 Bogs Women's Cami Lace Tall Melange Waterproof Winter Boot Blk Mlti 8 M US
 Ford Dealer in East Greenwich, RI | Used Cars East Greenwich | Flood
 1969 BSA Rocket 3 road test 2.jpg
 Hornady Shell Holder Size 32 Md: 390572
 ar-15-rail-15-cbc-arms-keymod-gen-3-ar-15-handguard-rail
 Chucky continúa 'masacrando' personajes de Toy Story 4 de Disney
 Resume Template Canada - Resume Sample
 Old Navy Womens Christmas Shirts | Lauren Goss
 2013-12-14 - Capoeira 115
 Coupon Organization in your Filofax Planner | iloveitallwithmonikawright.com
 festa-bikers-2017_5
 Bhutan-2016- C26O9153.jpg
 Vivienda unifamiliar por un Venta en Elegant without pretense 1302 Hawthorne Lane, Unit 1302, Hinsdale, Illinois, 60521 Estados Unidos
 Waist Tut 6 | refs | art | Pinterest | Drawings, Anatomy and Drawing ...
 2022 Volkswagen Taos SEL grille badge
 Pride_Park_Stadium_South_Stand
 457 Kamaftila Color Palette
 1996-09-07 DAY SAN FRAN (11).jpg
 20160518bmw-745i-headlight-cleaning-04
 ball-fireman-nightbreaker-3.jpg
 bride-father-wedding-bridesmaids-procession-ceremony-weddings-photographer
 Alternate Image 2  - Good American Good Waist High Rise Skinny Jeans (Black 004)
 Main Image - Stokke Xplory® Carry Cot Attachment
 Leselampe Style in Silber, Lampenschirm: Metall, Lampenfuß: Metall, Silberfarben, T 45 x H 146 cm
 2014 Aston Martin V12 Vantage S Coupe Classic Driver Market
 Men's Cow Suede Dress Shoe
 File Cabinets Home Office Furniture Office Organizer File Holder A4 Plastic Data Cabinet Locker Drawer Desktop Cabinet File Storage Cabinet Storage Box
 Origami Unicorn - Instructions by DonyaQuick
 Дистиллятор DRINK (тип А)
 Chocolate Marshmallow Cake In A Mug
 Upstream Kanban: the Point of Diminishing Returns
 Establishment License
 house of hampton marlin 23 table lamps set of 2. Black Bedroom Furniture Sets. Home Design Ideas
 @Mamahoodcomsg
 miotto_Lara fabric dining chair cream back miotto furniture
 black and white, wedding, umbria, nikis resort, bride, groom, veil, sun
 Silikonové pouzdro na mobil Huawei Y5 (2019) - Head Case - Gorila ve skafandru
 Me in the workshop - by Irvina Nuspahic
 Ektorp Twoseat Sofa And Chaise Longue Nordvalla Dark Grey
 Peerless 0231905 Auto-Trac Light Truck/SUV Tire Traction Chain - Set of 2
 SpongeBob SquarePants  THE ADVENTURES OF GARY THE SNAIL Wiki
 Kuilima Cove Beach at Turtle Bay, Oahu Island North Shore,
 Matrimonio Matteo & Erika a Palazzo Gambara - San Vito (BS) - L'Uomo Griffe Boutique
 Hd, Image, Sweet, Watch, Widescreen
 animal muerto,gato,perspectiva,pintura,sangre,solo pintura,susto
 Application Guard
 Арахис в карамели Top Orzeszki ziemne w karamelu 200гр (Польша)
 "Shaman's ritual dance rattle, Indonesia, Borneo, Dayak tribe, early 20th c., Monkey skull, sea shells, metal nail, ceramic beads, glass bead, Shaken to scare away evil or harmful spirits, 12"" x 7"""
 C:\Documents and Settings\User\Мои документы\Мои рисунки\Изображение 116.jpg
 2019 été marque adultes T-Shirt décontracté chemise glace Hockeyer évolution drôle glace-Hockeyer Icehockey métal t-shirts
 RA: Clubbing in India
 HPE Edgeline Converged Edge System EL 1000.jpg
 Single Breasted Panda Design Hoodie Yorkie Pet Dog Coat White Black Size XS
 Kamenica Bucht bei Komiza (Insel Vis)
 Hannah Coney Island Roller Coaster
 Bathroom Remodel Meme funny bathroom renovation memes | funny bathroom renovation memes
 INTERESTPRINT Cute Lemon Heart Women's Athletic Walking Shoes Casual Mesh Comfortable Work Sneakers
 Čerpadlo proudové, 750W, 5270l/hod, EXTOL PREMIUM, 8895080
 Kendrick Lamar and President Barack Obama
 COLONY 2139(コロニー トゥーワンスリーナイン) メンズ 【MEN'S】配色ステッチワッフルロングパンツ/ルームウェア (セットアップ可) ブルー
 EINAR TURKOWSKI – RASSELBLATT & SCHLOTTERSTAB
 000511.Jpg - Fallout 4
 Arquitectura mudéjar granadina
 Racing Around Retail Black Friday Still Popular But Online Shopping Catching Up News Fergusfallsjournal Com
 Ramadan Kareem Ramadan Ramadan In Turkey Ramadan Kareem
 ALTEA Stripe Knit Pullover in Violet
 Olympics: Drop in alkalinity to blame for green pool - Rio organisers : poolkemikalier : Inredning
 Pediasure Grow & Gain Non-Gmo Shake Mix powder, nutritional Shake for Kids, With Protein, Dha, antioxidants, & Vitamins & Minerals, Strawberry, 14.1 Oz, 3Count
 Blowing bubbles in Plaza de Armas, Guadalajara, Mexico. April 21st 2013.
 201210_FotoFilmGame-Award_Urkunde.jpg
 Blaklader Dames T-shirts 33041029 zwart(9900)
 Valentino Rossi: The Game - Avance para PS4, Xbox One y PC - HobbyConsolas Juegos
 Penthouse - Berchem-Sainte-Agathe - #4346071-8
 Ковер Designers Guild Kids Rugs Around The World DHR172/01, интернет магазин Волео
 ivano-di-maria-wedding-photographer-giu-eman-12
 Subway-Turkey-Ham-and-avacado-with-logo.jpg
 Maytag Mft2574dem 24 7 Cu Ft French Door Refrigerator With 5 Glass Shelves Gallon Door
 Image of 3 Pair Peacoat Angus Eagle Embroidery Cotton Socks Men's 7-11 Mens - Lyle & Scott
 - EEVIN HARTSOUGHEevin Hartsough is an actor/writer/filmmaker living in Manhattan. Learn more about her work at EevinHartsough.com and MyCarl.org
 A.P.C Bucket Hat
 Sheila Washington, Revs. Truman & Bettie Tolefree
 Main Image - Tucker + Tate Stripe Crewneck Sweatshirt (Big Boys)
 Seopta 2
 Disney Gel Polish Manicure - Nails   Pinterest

• • • •

Requirement:
The listing above holds a line with "Ford Dealer in" and a line with "THE SNAIL Wiki". Print the stretch from the first through the second, exactly and alone.

Expected answer:
 Ford Dealer in East Greenwich, RI | Used Cars East Greenwich | Flood
 1969 BSA Rocket 3 road test 2.jpg
 Hornady Shell Holder Size 32 Md: 390572
 ar-15-rail-15-cbc-arms-keymod-gen-3-ar-15-handguard-rail
 Chucky continúa 'masacrando' personajes de Toy Story 4 de Disney
 Resume Template Canada - Resume Sample
 Old Navy Womens Christmas Shirts | Lauren Goss
 2013-12-14 - Capoeira 115
 Coupon Organization in your Filofax Planner | iloveitallwithmonikawright.com
 festa-bikers-2017_5
 Bhutan-2016- C26O9153.jpg
 Vivienda unifamiliar por un Venta en Elegant without pretense 1302 Hawthorne Lane, Unit 1302, Hinsdale, Illinois, 60521 Estados Unidos
 Waist Tut 6 | refs | art | Pinterest | Drawings, Anatomy and Drawing ...
 2022 Volkswagen Taos SEL grille badge
 Pride_Park_Stadium_South_Stand
 457 Kamaftila Color Palette
 1996-09-07 DAY SAN FRAN (11).jpg
 20160518bmw-745i-headlight-cleaning-04
 ball-fireman-nightbreaker-3.jpg
 bride-father-wedding-bridesmaids-procession-ceremony-weddings-photographer
 Alternate Image 2  - Good American Good Waist High Rise Skinny Jeans (Black 004)
 Main Image - Stokke Xplory® Carry Cot Attachment
 Leselampe Style in Silber, Lampenschirm: Metall, Lampenfuß: Metall, Silberfarben, T 45 x H 146 cm
 2014 Aston Martin V12 Vantage S Coupe Classic Driver Market
 Men's Cow Suede Dress Shoe
 File Cabinets Home Office Furniture Office Organizer File Holder A4 Plastic Data Cabinet Locker Drawer Desktop Cabinet File Storage Cabinet Storage Box
 Origami Unicorn - Instructions by DonyaQuick
 Дистиллятор DRINK (тип А)
 Chocolate Marshmallow Cake In A Mug
 Upstream Kanban: the Point of Diminishing Returns
 Establishment License
 house of hampton marlin 23 table lamps set of 2. Black Bedroom Furniture Sets. Home Design Ideas
 @Mamahoodcomsg
 miotto_Lara fabric dining chair cream back miotto furniture
 black and white, wedding, umbria, nikis resort, bride, groom, veil, sun
 Silikonové pouzdro na mobil Huawei Y5 (2019) - Head Case - Gorila ve skafandru
 Me in the workshop - by Irvina Nuspahic
 Ektorp Twoseat Sofa And Chaise Longue Nordvalla Dark Grey
 Peerless 0231905 Auto-Trac Light Truck/SUV Tire Traction Chain - Set of 2
 SpongeBob SquarePants  THE ADVENTURES OF GARY THE SNAIL Wiki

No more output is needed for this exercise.